Return the lines of the material below exactly, beginning with the line that has "Display Cabinets Nz 31" in it and finishing with the line that has "Yogyakarta, Indonesia - March" in it. Leave all pictures aside.
DATA UNDER STUDY START
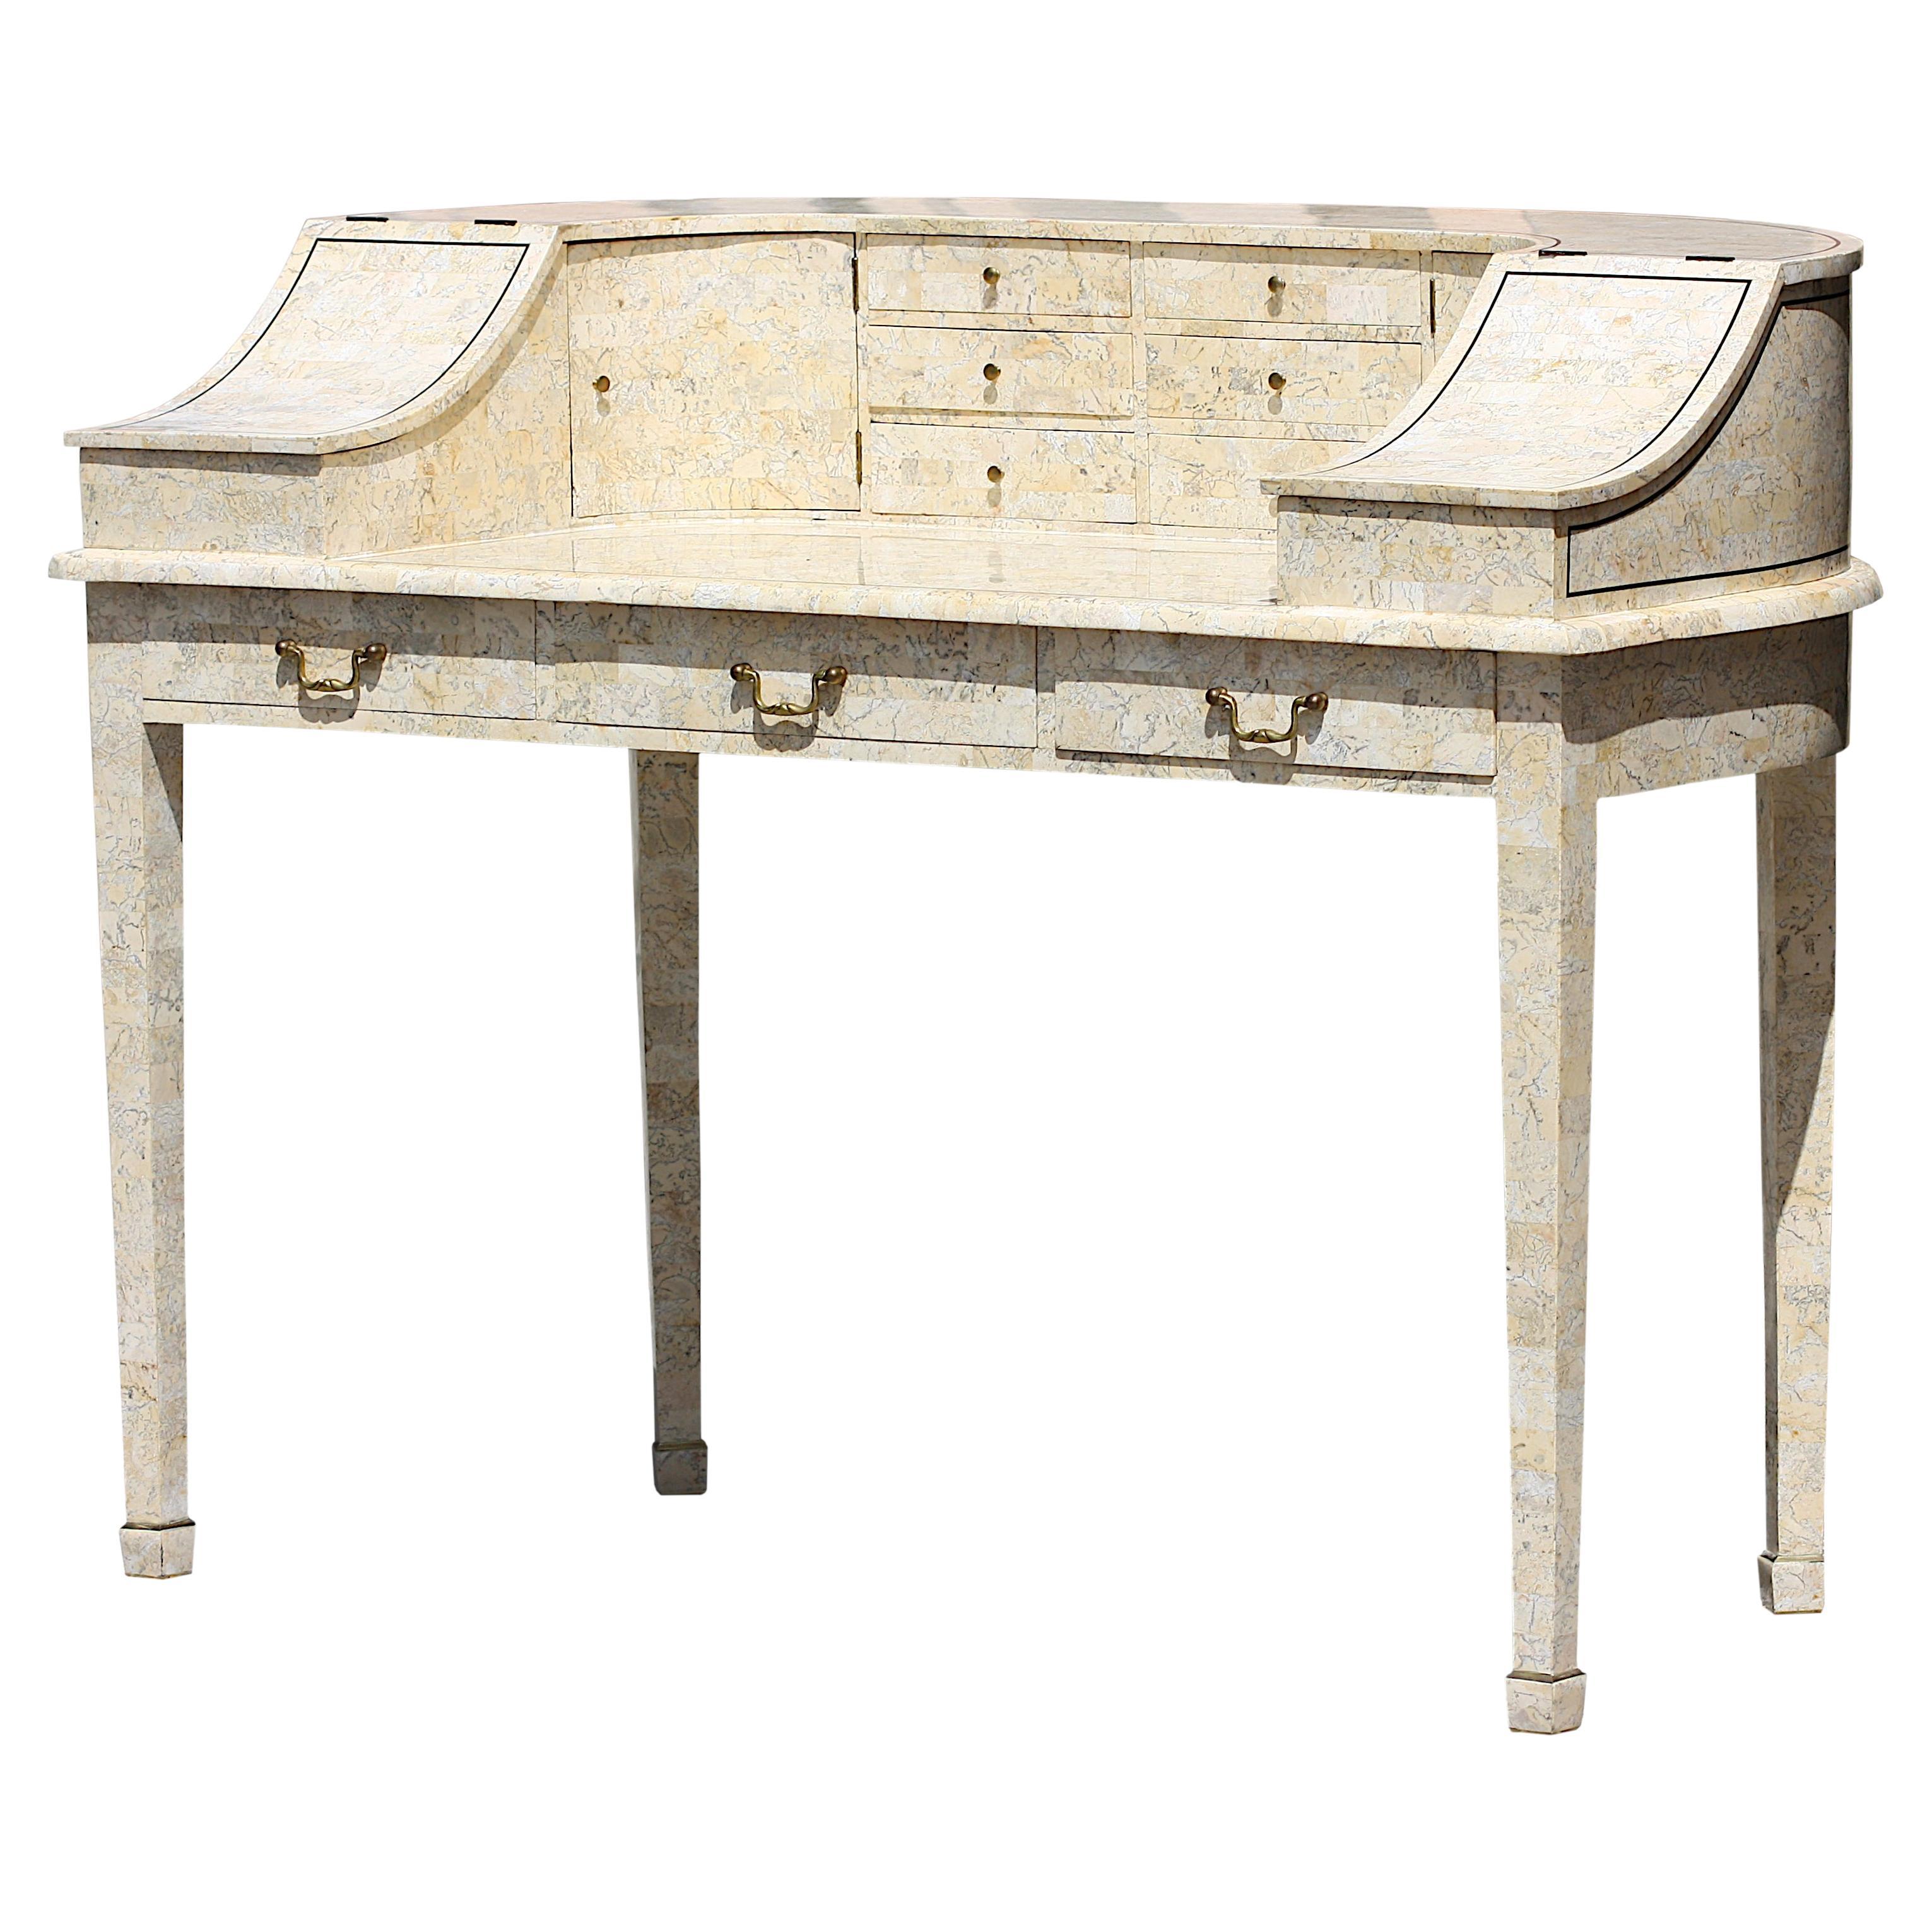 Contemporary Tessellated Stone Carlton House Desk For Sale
DATA UNDER STUDY END
DATA UNDER STUDY START
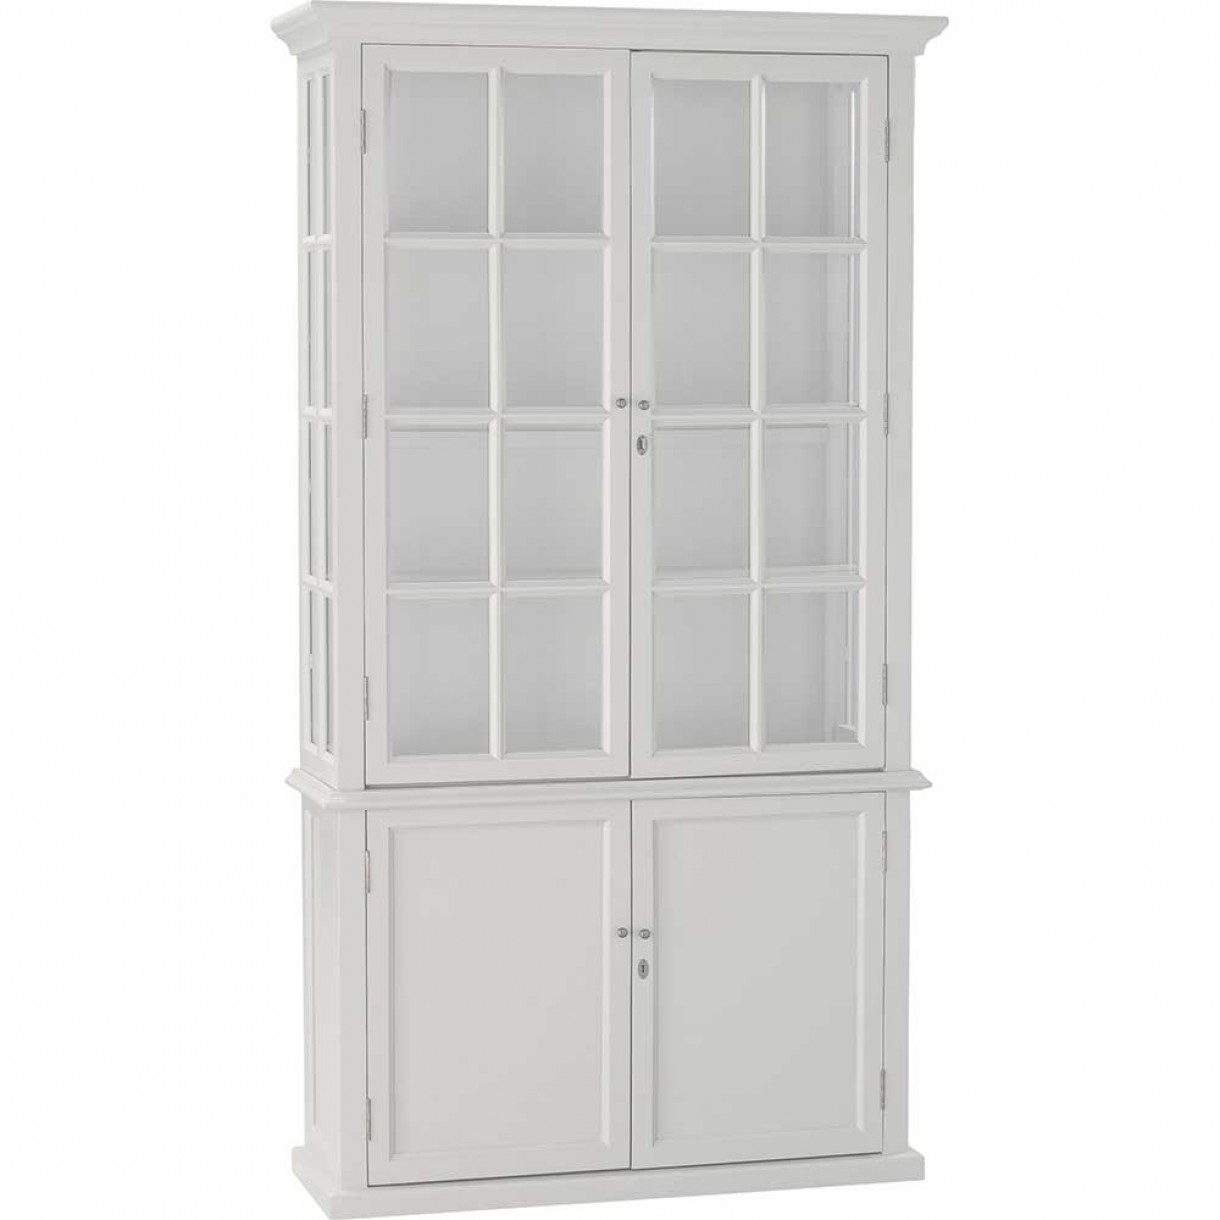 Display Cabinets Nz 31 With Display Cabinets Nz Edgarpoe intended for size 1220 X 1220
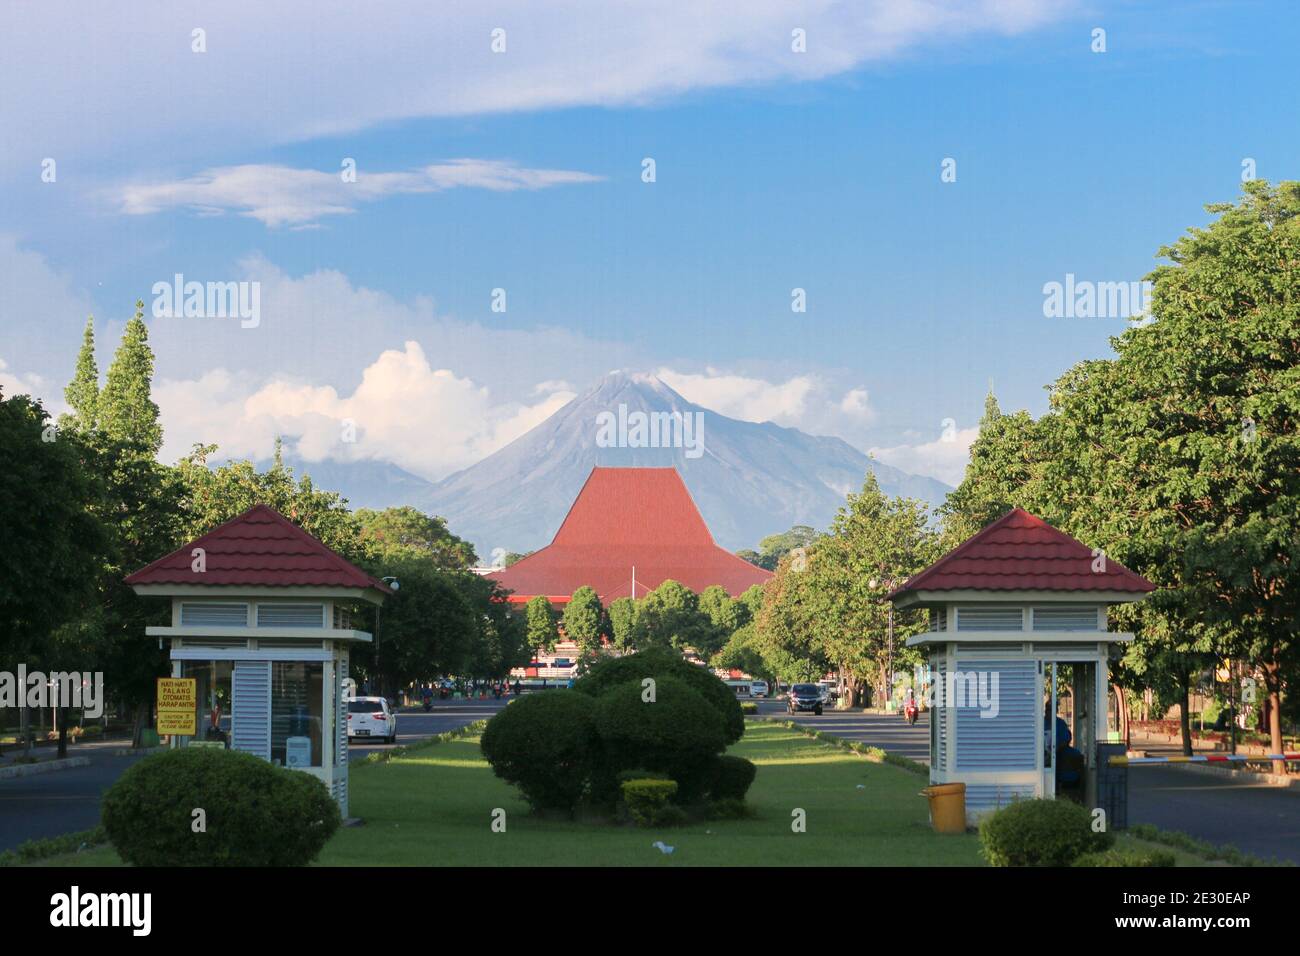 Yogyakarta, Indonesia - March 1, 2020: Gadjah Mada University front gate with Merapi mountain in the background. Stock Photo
DATA UNDER STUDY END
DATA UNDER STUDY START
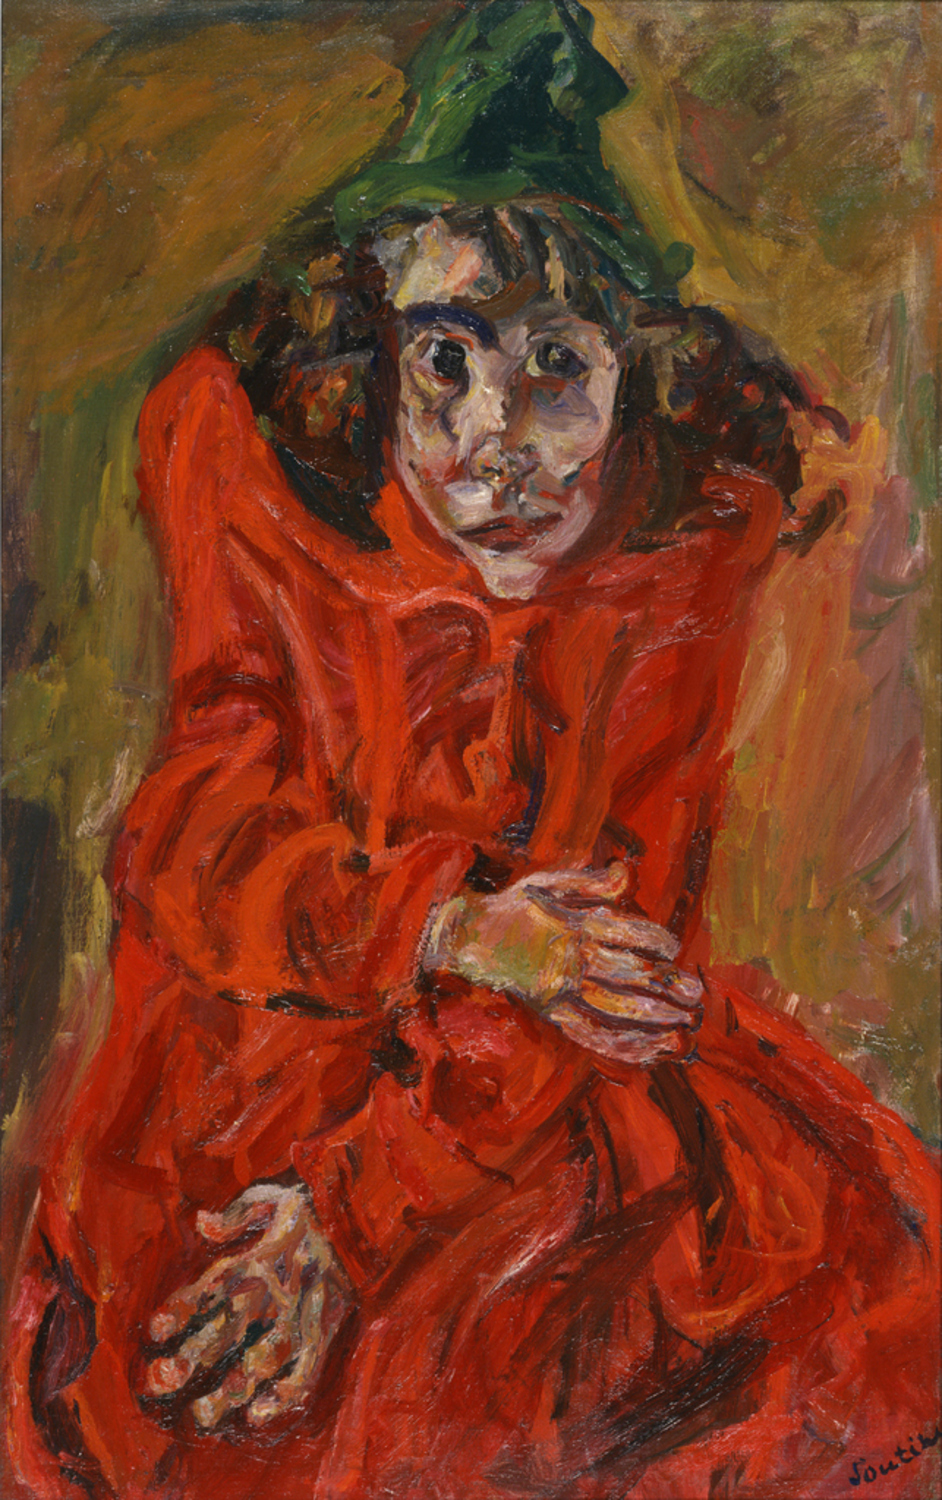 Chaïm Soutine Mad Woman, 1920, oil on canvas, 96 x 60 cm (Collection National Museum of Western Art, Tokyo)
DATA UNDER STUDY END
> [EXPECTED ANSWER]:
 Display Cabinets Nz 31 With Display Cabinets Nz Edgarpoe intended for size 1220 X 1220
 Yogyakarta, Indonesia - March 1, 2020: Gadjah Mada University front gate with Merapi mountain in the background. Stock Photo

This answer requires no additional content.